Auditors are generally flexible about the start of an audit. It’s normal to request two to three weeks to prepare. The BOE has a standard three-year statute of limitations to follow. If a lengthy delay occurs and the BOE anticipates needing more than three years to investigate and charge back taxes, a Waiver of Limitation can be requested to extend the three-year limit.

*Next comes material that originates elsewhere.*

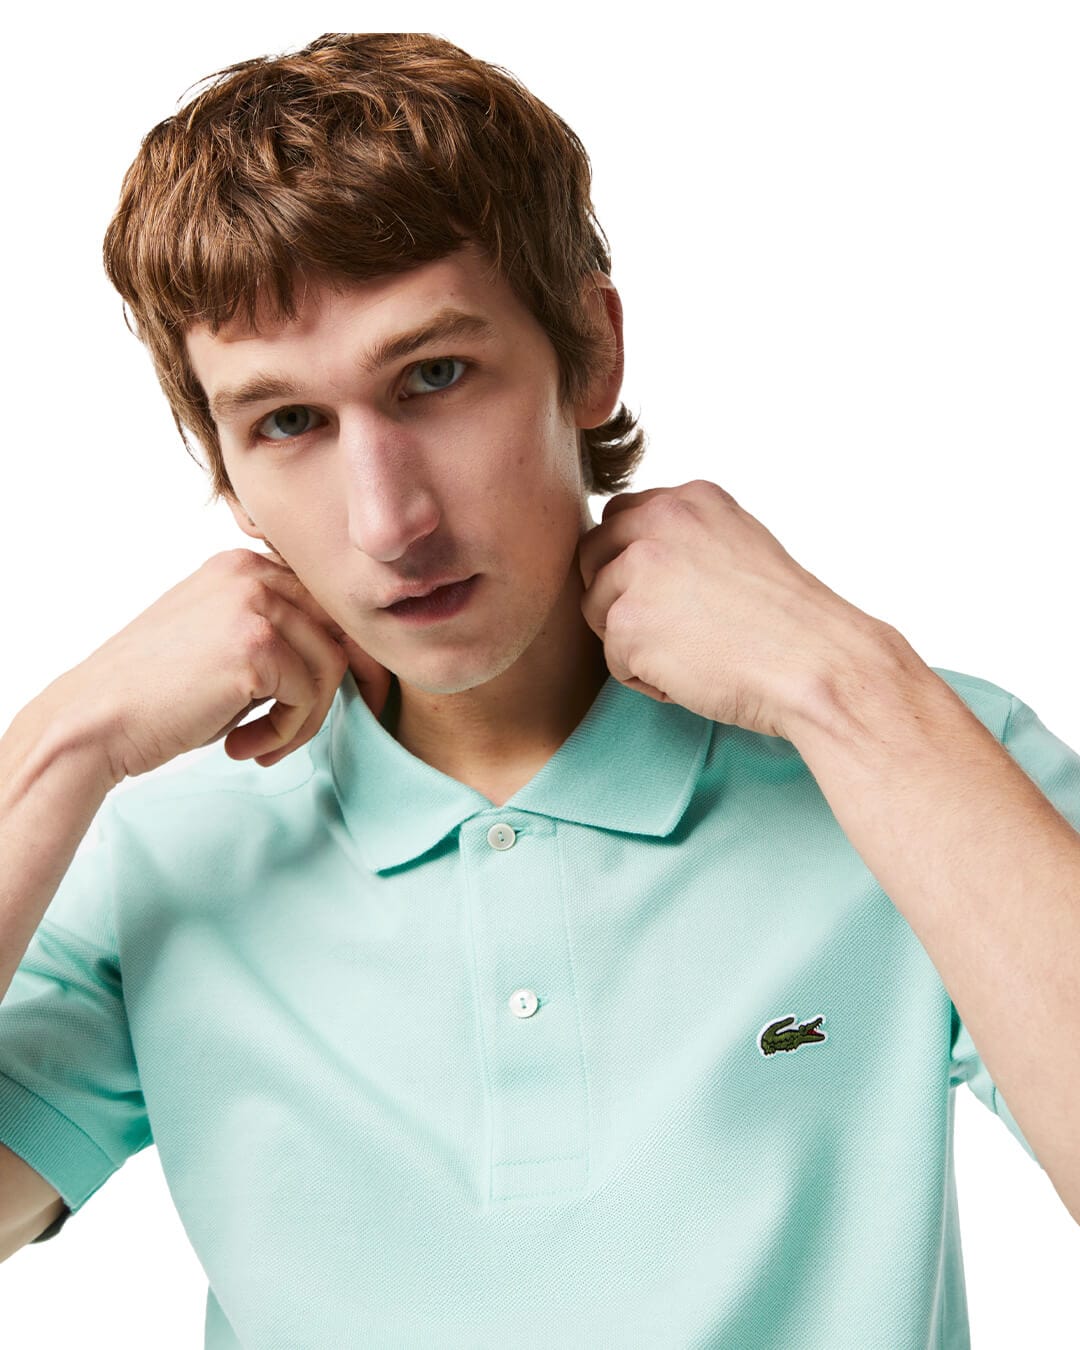 Lacoste Polo Shirts Lacoste Classic Fit L.12.12 Green Polo Shirt

Who is Likely to Be Audited?
Larger companies with high sales numbers are targeted more often than smaller businesses with lower sales volumes. This may seem obvious, but it’s important to note. Industries where high numbers of sales are exempt or much of the business is done in cash — such as restaurants and bars — are also audited more often. Any business in an industry that has history of tax problems is more likely to be audited. The ratio of exempt sales to total sales can play a role in whether a business is selected for an audit, as can where the business is located. A mid-sized business in a city rich in big tech companies is less likely to be audited than a similar company in a city where government is the main employer, for example.
How difficult a business might be to audit may come into play as well. The state may be aggressive in its search for back taxes, but it does not want to expend more resources in its search for unpaid taxes than it will eventually collect in the end.
According to the BOE, one of the industries with the highest annual assessments in California are wholesalers and manufacturers of office equipment. This is because the sales are on credit, not cash, and are also to other businesses, not individual consumers, making the necessary documentation easy to find.
What Does the BOE Look For?
The BOE is mainly concerned with whether your business has accurately reported its taxes and fees. Both underpayments and overpayments will be examined during an audit. Your business must provide records in accordance with BOE Regulation 1698. Records commonly examined include:
- Tax returns (both state and federal)
- Invoices for sales and purchases
- General ledgers
- Property tax statements
- Sales and use tax returns and worksheets
Auditors will be searching for both honest mistakes as well as blatant evasions or intentional misrepresentations. Some common questions you can expect to be asked include:
- Have you claimed deductions properly?
- Was sales tax properly applied?
- Were all necessary gross receipts reported?
- Were local taxes properly allocated?
- Were the correct tax rates used?
- Was the correct cost of business supplies and equipment reported?
When the Audit is Completed
Audits end with an exit conference with the auditor and the business owner or his or her representative. If you do not owe any additional money or fees, a letter stating the acceptance of your returns will be filed. Any proposed additional taxes owed or refunds will be detailed in a Report of Investigation or Report of Field Audit.
If you agree the audit’s findings are correct, you will be issued a bill by way of a Notice of Determination if you owe money. Those receiving refunds will be sent a Notice of Refund.
This is the first chance you will have to bring to light portions of the assessment you believe are inaccurate and to protest the audit’s findings. You’ll be given time to collect evidence to support your case. Those in disagreement with the BOE have the right to file an appeal.
If you choose to do so, it may be in your best interest to speak with an attorney. An attorney can represent you through the process. Because tax cases can be very complex, enlisting a professional may be the best way to seek a positive outcome in your audit.